EXERCISE DIRECTIONS → The answer is to be an exact copy of the lines below running from the line with "Lazy Leaf, Höhle" down to the line with "2020 Hyundai Tucson Information Display", both ends included, and nothing more.

TASK DATA →

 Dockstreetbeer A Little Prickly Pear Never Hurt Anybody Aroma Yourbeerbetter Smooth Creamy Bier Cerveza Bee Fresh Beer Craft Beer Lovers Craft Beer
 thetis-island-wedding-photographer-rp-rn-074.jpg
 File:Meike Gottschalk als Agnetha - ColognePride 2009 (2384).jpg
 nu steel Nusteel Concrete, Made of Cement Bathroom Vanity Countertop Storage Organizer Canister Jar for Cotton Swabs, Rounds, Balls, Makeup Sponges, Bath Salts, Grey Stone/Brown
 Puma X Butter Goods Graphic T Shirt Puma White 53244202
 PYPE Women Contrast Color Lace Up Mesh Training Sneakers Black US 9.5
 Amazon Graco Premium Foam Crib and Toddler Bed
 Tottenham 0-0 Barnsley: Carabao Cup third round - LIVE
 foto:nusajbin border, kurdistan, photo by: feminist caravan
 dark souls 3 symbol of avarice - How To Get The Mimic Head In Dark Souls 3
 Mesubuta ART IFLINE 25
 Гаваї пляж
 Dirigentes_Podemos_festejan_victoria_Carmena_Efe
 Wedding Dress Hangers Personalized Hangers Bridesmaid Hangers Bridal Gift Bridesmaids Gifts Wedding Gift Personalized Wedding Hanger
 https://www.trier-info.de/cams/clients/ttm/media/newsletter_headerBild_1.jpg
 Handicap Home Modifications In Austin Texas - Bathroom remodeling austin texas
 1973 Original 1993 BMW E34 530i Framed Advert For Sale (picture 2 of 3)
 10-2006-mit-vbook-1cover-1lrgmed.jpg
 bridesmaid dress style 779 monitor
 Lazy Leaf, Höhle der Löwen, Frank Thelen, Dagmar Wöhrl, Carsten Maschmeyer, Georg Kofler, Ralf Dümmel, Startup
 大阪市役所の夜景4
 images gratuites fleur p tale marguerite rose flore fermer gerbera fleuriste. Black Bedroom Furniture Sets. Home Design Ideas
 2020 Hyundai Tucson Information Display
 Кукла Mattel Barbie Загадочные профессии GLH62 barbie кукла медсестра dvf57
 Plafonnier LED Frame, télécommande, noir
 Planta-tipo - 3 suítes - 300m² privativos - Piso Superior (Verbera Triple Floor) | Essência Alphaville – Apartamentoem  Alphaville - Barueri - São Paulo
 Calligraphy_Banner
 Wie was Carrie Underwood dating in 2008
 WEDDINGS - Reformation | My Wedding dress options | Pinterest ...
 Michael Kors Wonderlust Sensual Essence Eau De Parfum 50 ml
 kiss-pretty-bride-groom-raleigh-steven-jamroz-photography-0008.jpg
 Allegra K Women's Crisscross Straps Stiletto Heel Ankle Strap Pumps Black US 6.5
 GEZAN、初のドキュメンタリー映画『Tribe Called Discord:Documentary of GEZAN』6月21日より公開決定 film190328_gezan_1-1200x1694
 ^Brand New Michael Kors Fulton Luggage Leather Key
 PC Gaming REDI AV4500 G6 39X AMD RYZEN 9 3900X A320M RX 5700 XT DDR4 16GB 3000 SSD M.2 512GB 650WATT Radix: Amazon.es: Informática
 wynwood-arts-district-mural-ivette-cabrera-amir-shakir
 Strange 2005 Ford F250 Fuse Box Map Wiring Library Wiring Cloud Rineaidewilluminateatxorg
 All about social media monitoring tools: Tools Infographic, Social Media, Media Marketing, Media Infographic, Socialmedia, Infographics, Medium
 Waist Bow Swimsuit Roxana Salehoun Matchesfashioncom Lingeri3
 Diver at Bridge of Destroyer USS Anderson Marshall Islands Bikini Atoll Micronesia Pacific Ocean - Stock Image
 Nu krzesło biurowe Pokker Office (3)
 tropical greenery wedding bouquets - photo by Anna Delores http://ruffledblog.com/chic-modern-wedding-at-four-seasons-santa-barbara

THE COMPLETED TASK →
 Lazy Leaf, Höhle der Löwen, Frank Thelen, Dagmar Wöhrl, Carsten Maschmeyer, Georg Kofler, Ralf Dümmel, Startup
 大阪市役所の夜景4
 images gratuites fleur p tale marguerite rose flore fermer gerbera fleuriste. Black Bedroom Furniture Sets. Home Design Ideas
 2020 Hyundai Tucson Information Display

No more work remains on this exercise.